◆ INFORMATION SUPPLIED:
⟨
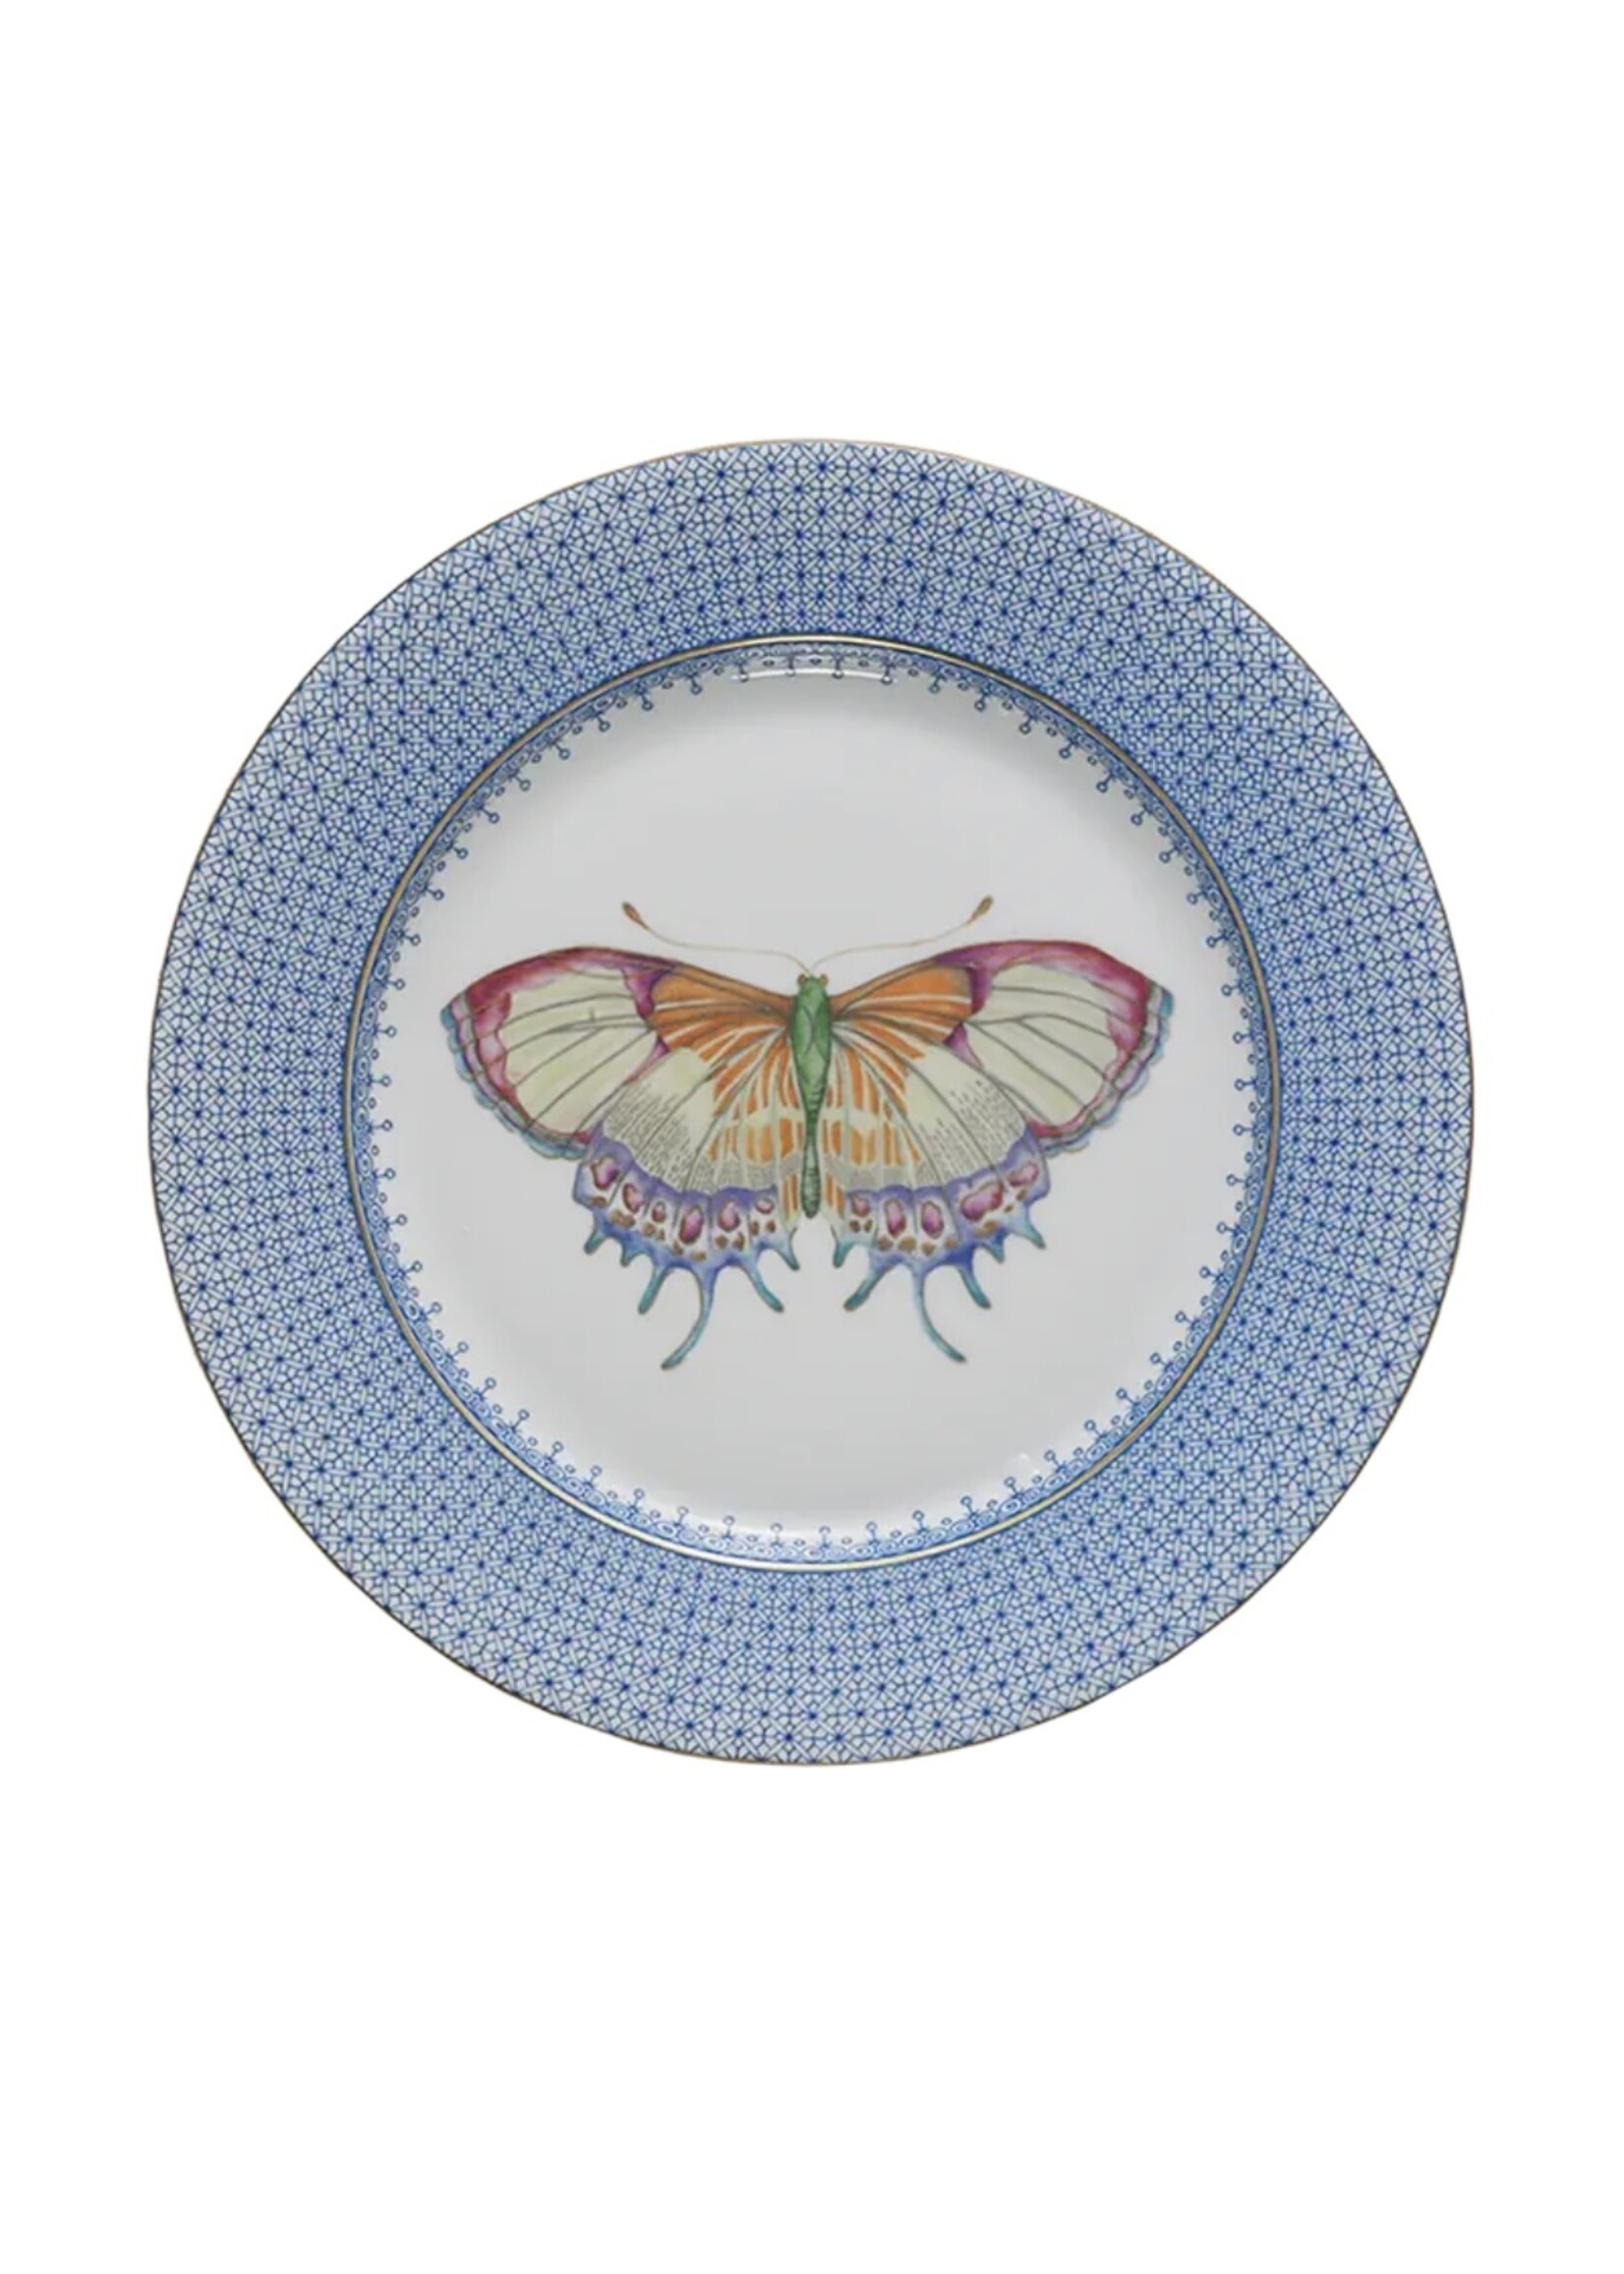 Mottahedeh Mottahedeh Cornflower Lace Dessert Plate w/Butterfly
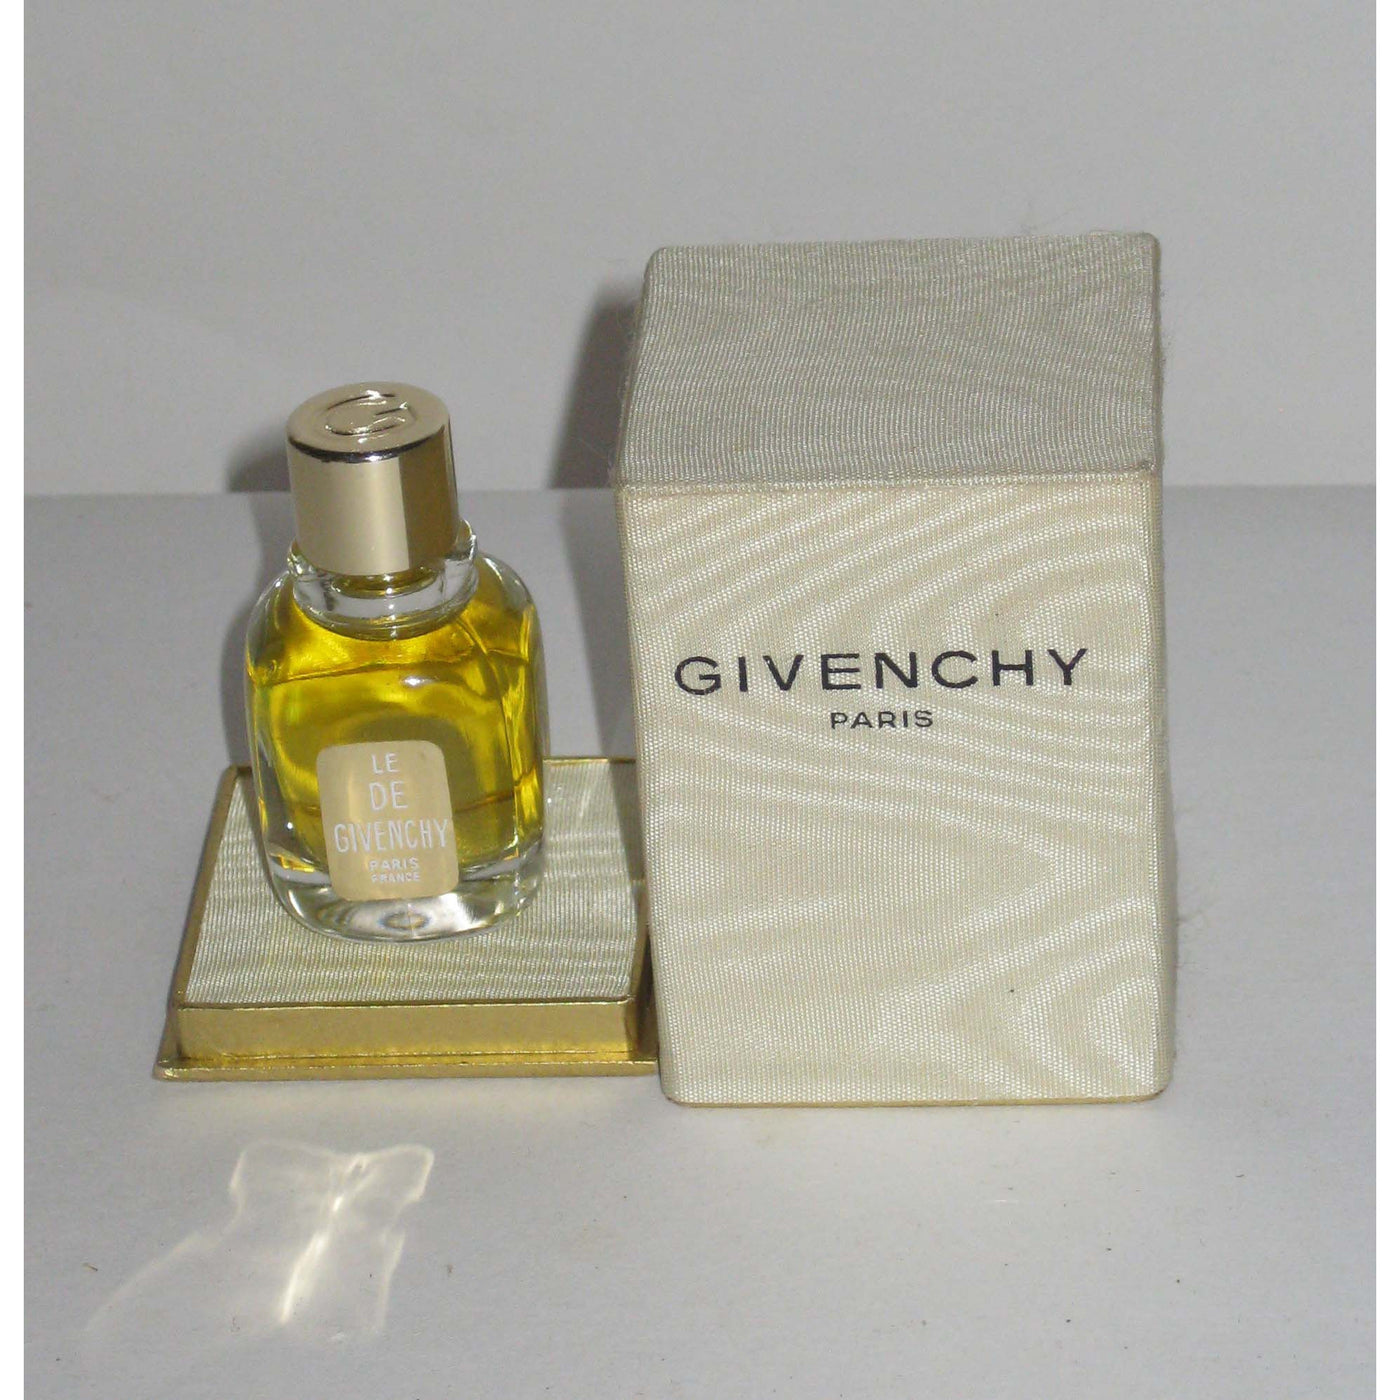 Vintage Le De Givenchy Parfum
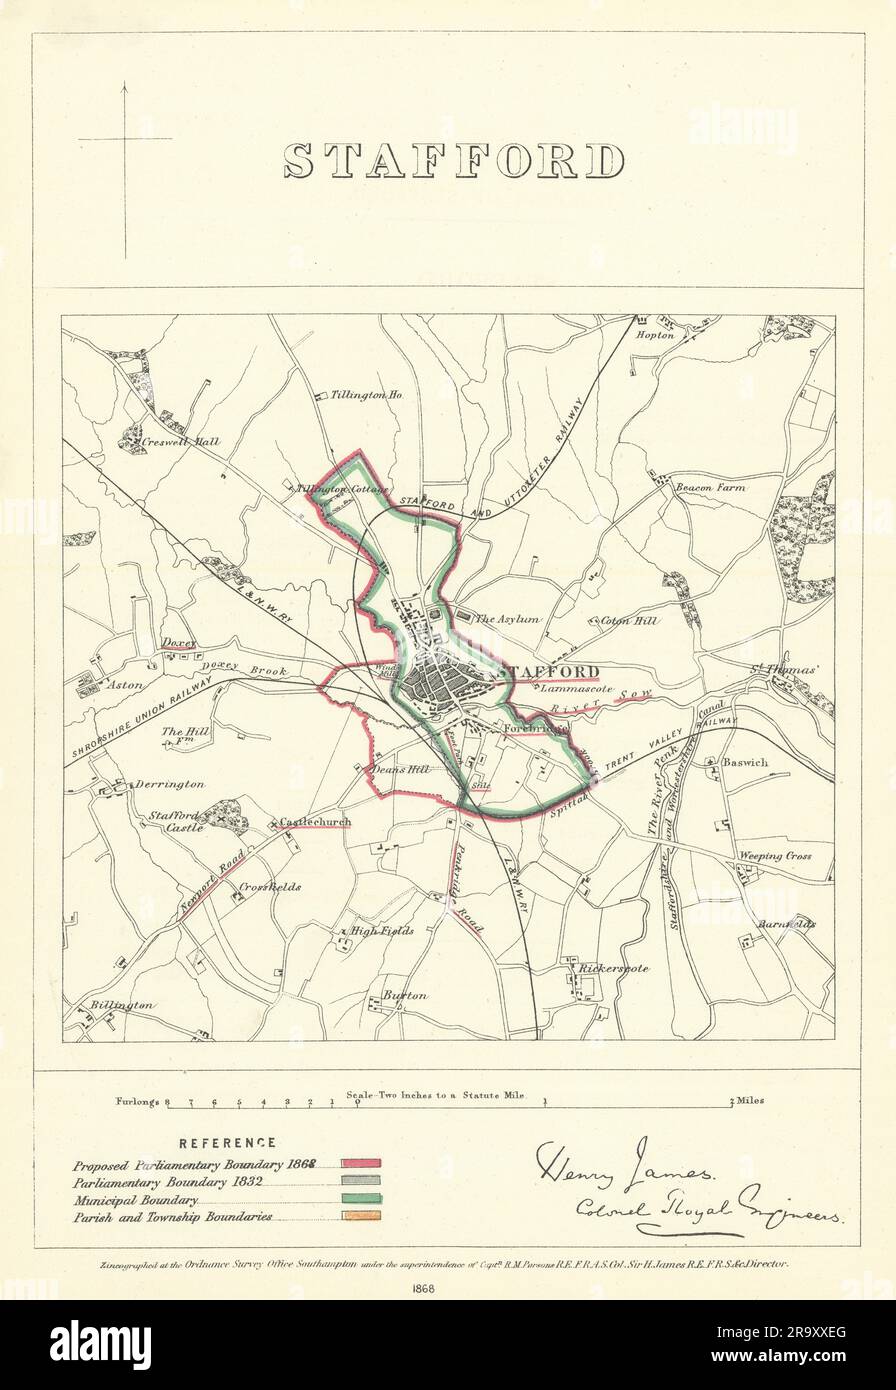 Stafford, Staffordshire. JAMES. Comisión de Límites Parlamentarios 1868 mapa antiguo Foto de stock
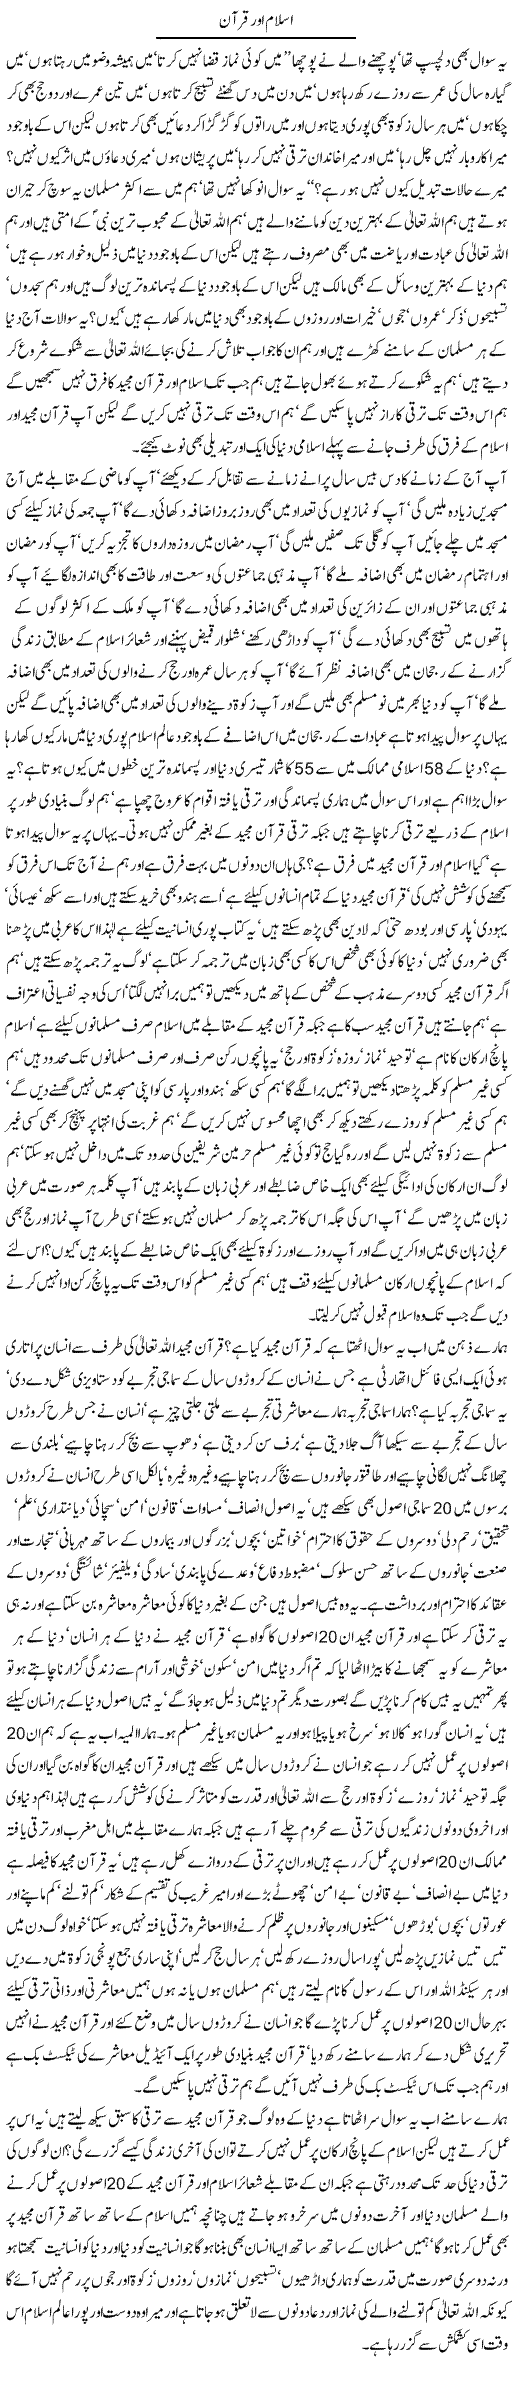 Islam and Quran Express Column Javed Chaudhry 22 May 2011
⟩
◆ TO DO:
The data must come back word for word, with every picture removed.

◆ THE COMPLETED TASK:
 Mottahedeh Mottahedeh Cornflower Lace Dessert Plate w/Butterfly
 Vintage Le De Givenchy Parfum
 Stafford, Staffordshire. JAMES. Comisión de Límites Parlamentarios 1868 mapa antiguo Foto de stock
 Islam and Quran Express Column Javed Chaudhry 22 May 2011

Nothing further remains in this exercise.